Record excerpts =>
Content starts
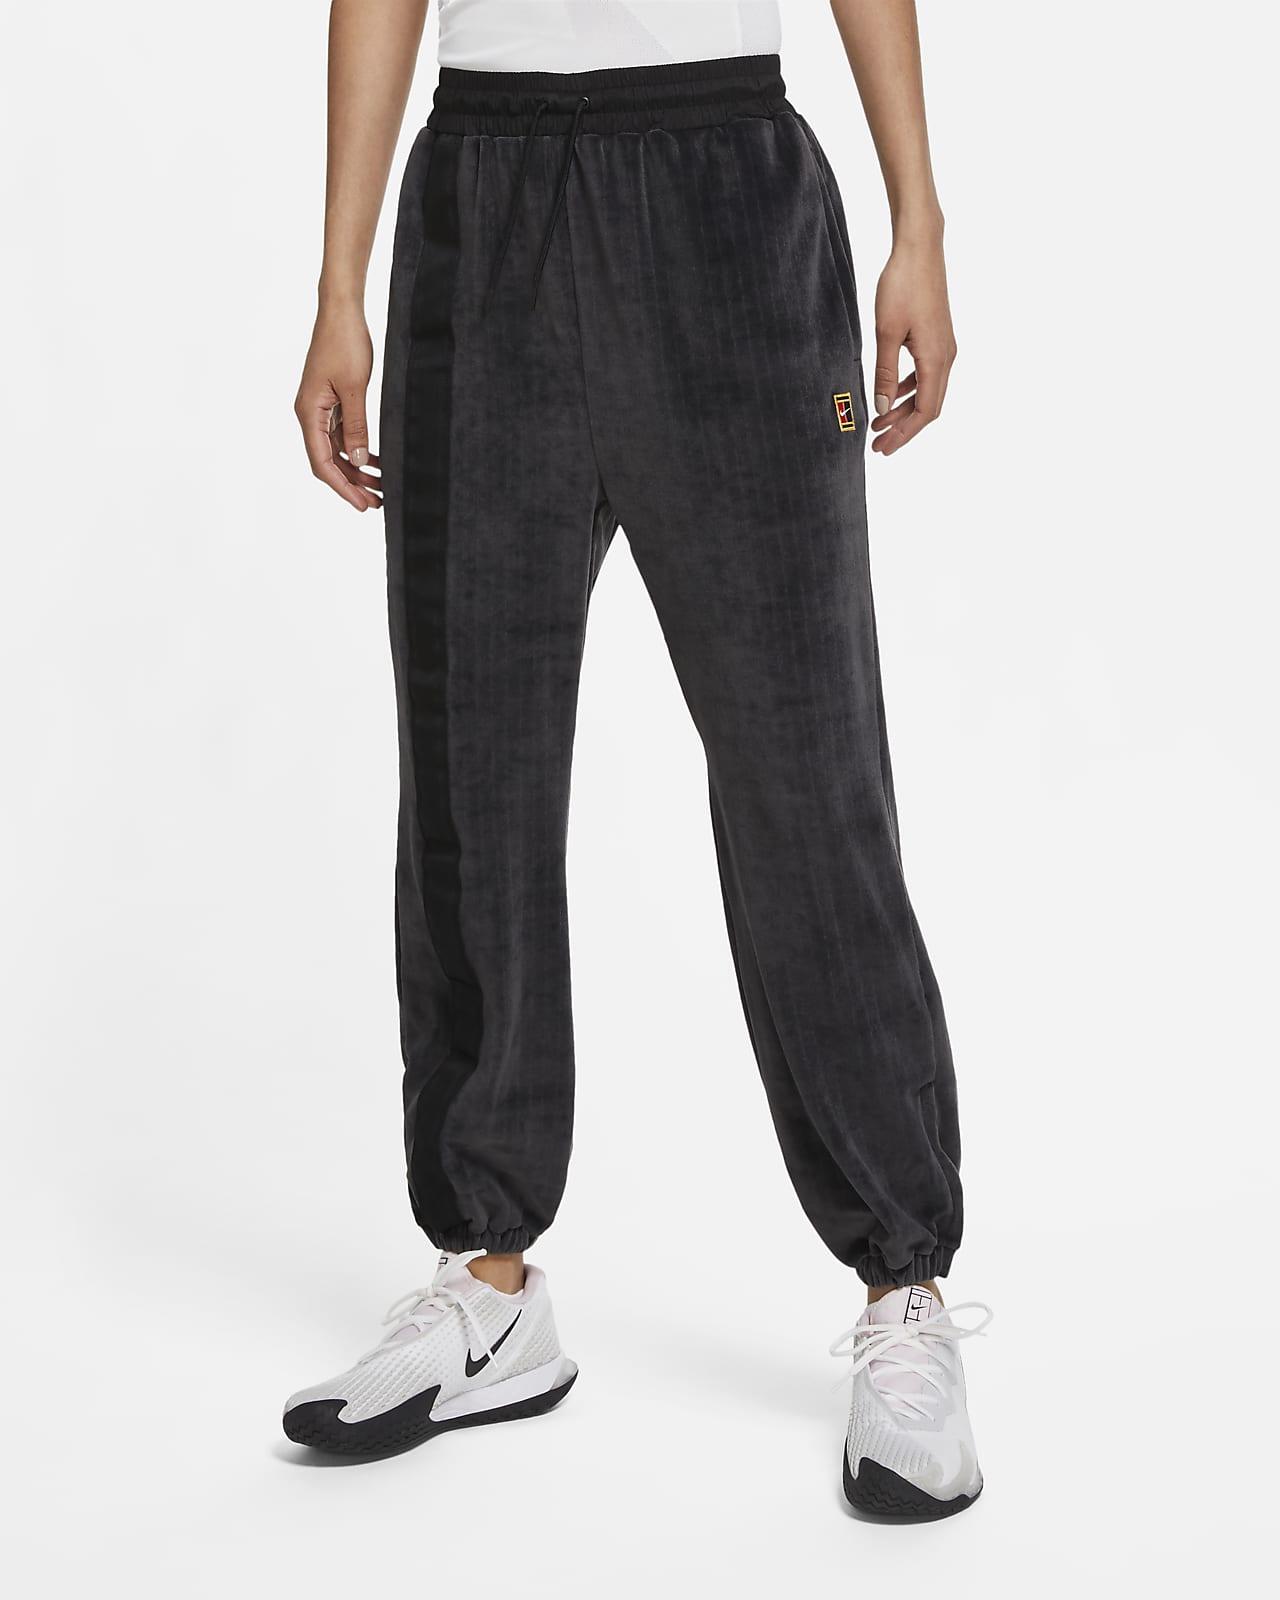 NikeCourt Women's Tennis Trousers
Content ends
Content starts
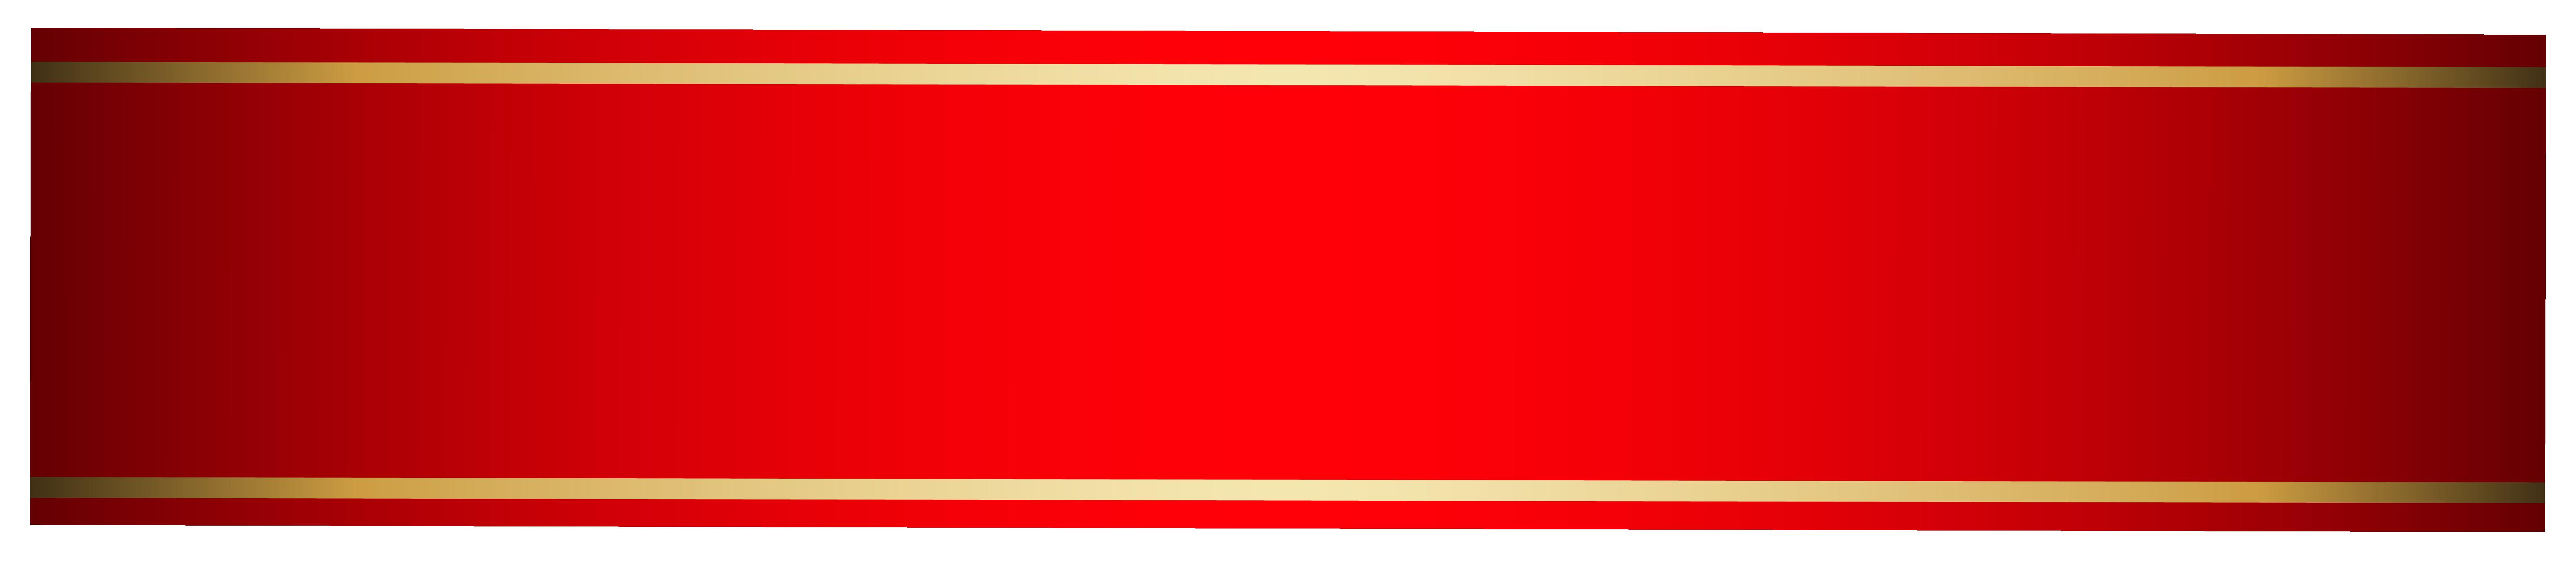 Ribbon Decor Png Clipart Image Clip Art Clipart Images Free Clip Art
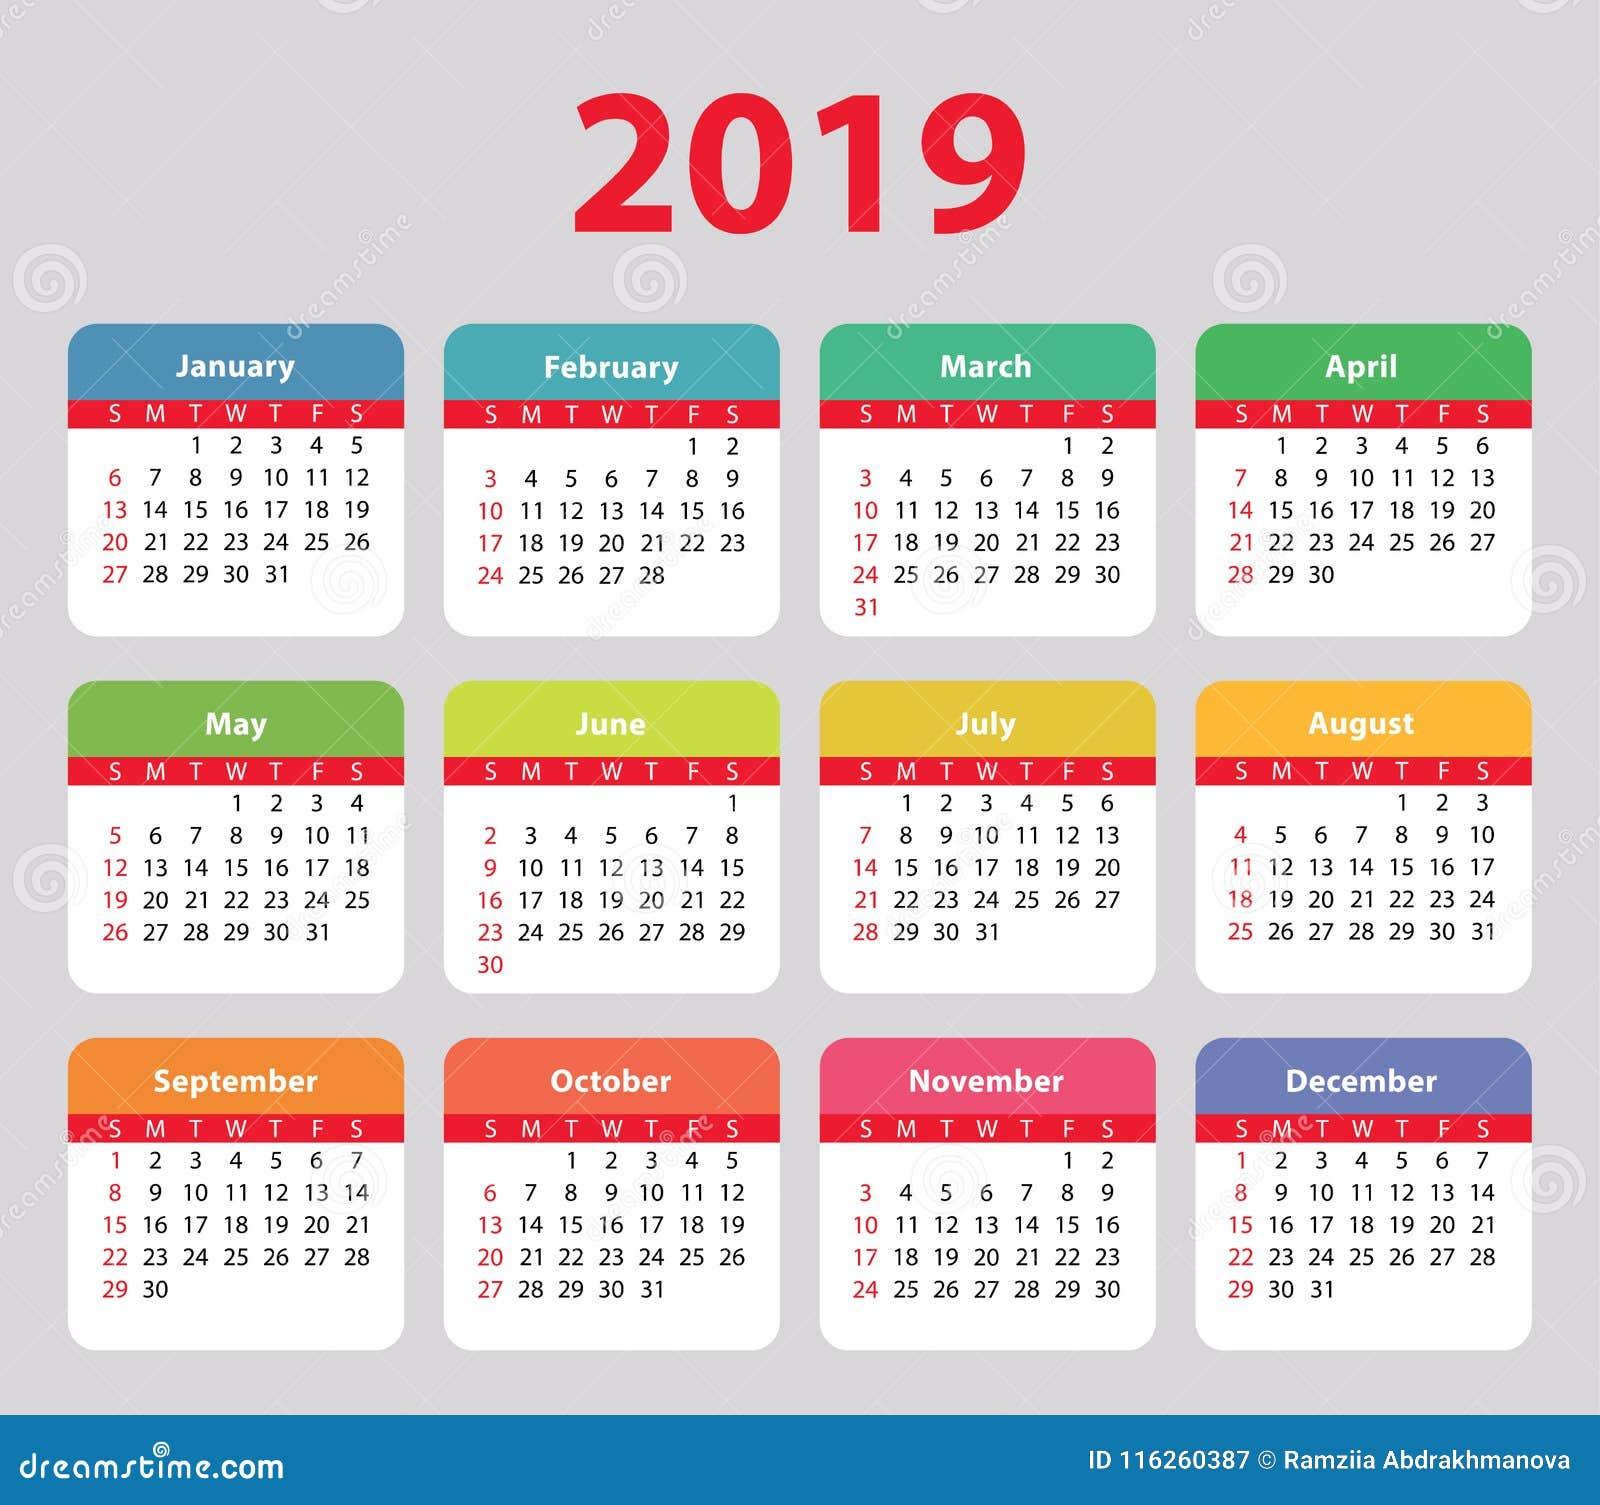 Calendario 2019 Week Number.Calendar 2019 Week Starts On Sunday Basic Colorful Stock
Content ends
Content starts
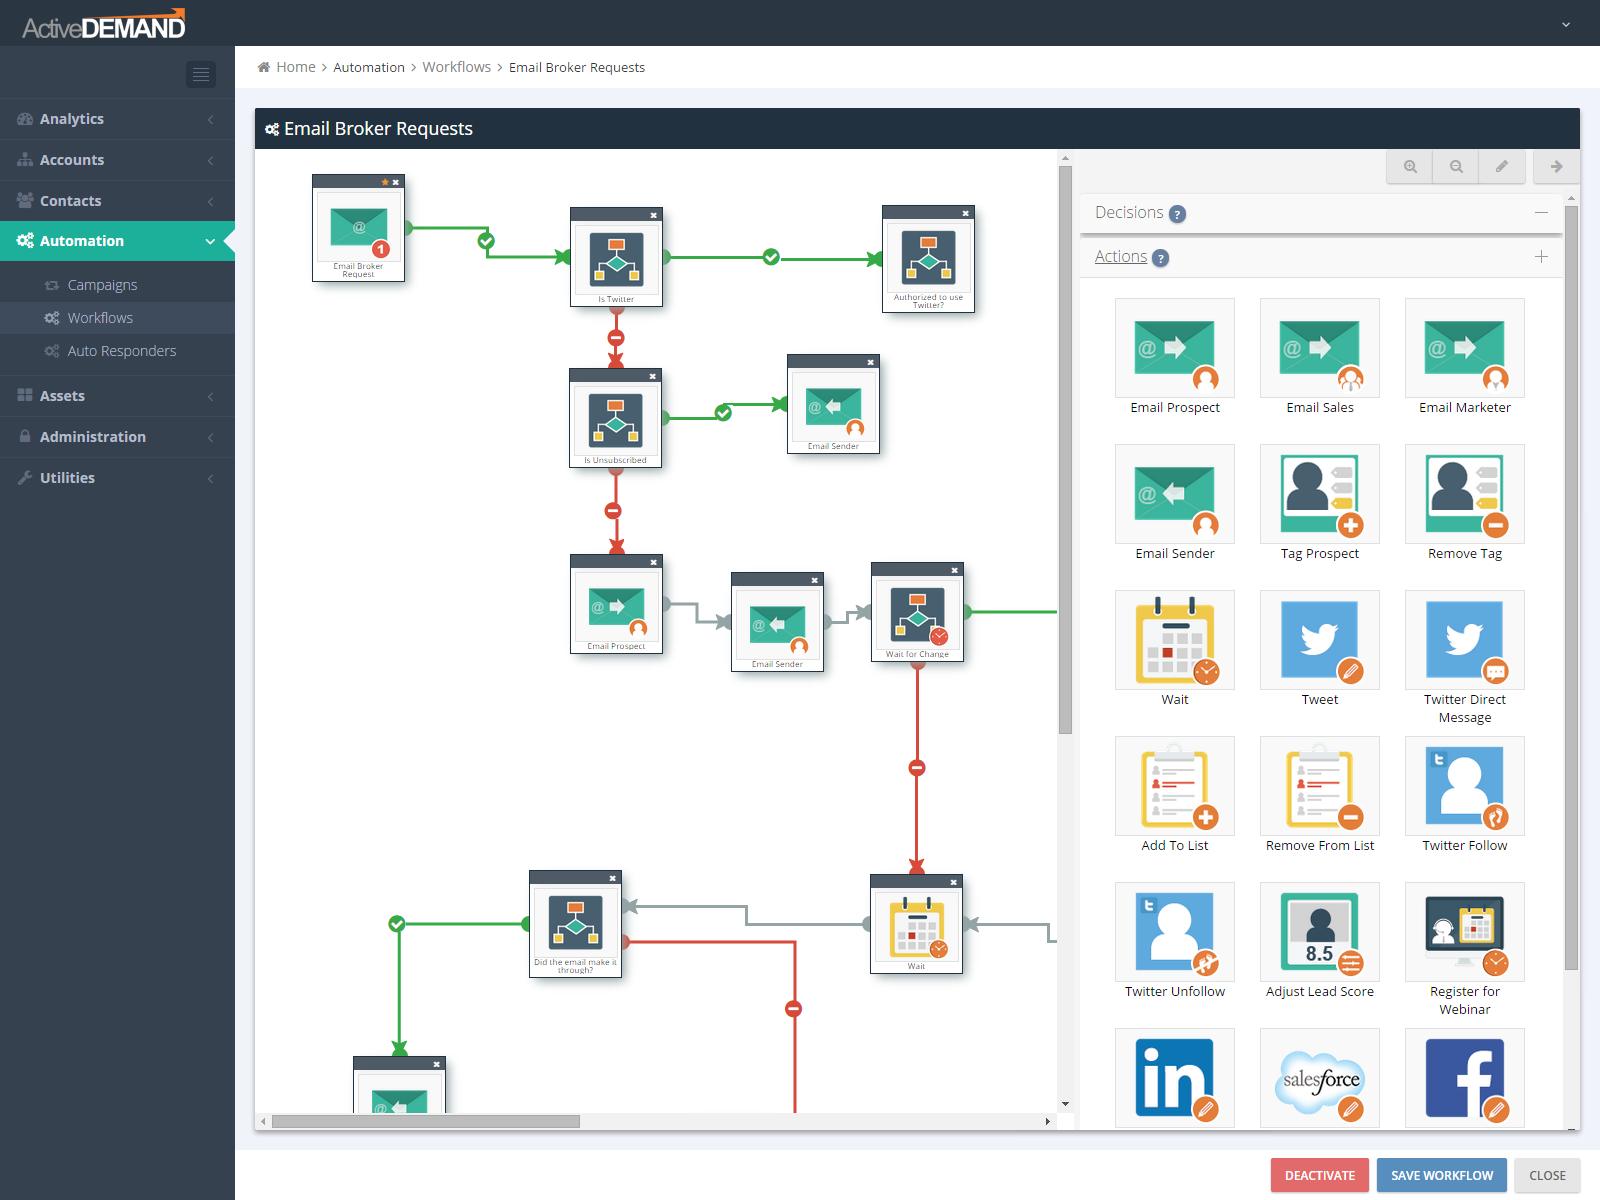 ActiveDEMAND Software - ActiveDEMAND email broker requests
Content ends
Task objective => Quote word for word only the lines above from the one containing "Ribbon Decor Png" through the one containing "Calendario 2019 Week". Pictures stay out of your copy.

Response area =>
 Ribbon Decor Png Clipart Image Clip Art Clipart Images Free Clip Art
 Calendario 2019 Week Number.Calendar 2019 Week Starts On Sunday Basic Colorful Stock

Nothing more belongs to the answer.